4. Crypto Paradise? El Salvador Preps New Law to Pave Way for All Crypto

El Salvador is doubling down on its bet on cryptocurrencies even in the midst of a bear market. The first country to declare Bitcoin as legal tender is now working on a Digital Asset Issuance Law, which would facilitate operations with any crypto asset.

According to a document available on the official website of the National Assembly of El Salvador, the law would regulate the transfer operations of any digital asset, seeking to "promote the efficient development of the digital asset market and protect the interests of acquirers."

The novelty of the law is that it separates crypto assets from all other assets and financial products, thus creating a tailor-made regulatory framework for them. The law leaves no room for doubt: for a digital asset to fall under this categorization, it must use a distributed ledger or a similar technology.

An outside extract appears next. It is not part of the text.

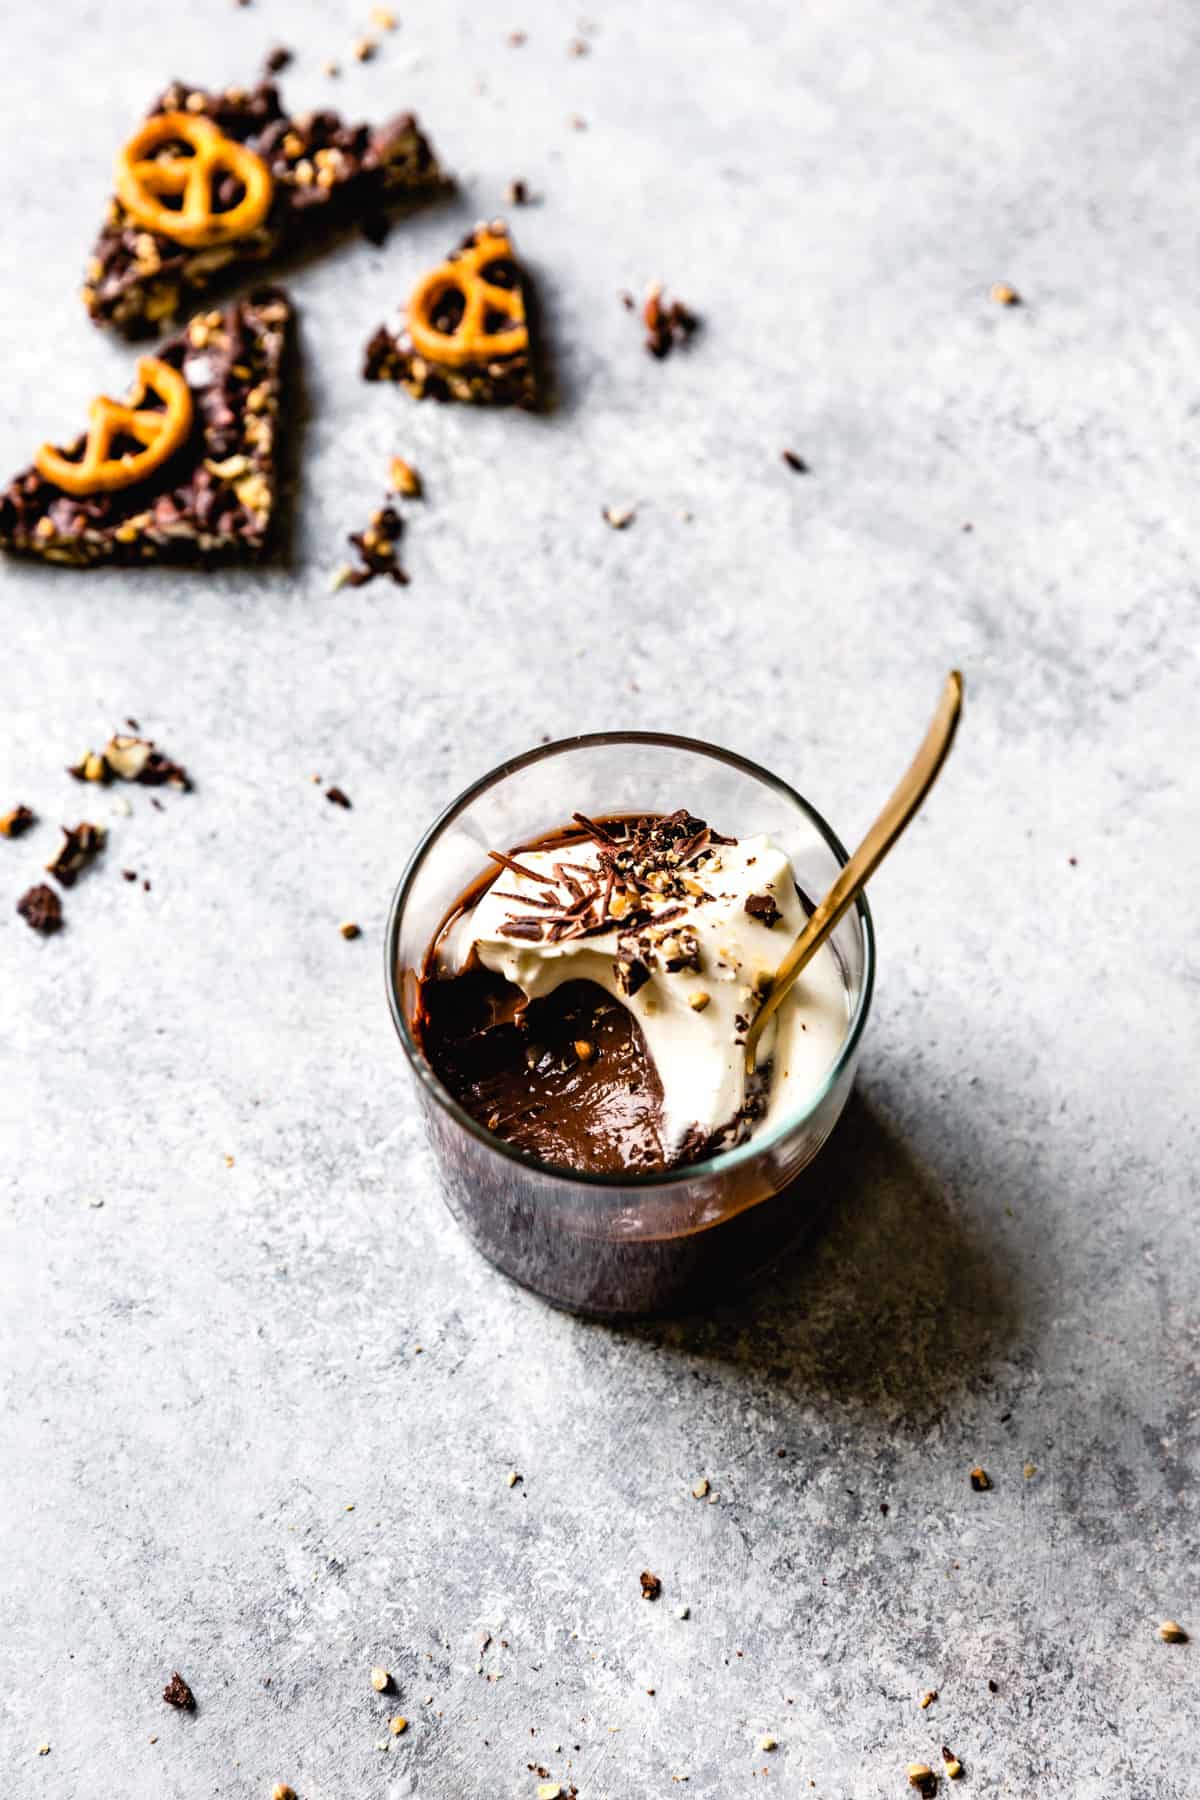 spoon in glass of Chocolate Pudding from Scratch

The blockchain is perhaps the most popular distributed ledger technology to date.

The law's framework excludes transactions with CBDCs (as they are fiat currency regulated according to each country's financial guidelines), assets not eligible for trading or exchange, assets with restricted transactions such as securities, and sovereign assets regulated by foreign laws.

5. Argentina’s fan token sinks 31% after World Cup loss against Saudi Arabia

Argentina’s shock 2-1 loss to Saudi Arabia in the opening match of the FIFA World Cup has plummeted the price of the Argentine Football Association Fan Token (ARG), in line with the hopes of the nation’s die-hard soccer fans.

With the ARG token priced at $7.21 at kick-off, the poor performance by the Lionel Messi-led soccer team saw the token’s price fall 31% to $4.96 by the end of the match before rising to $5.22 at the time of writing, according to data from Coingecko.

By contrast, the floor price of "The Saudis," a Saudi Arabian-themed nonfungible token (NFT) collection unrelated to the soccer team, skyrocketed 52.6% from 0.196 Ether (ETH) to 0.3 ETH over the same time before cooling off to a price of 0.225 ETH, around $250.

The collection's sales volume also spiked 990% over the last 24 hours, closing in on 24.5 ETH as per OpenSea data.

Despite the built-up hype for the FIFA World Cup, which officially kicked off on Nov. 20, cryptocurrency research firm Delphi Digital noted that the fan engagement platform Socios' native token Chiliz (CHZ), in addition to other soccer-based tokens representing participating nations, has also cooled off considerably over the last few days.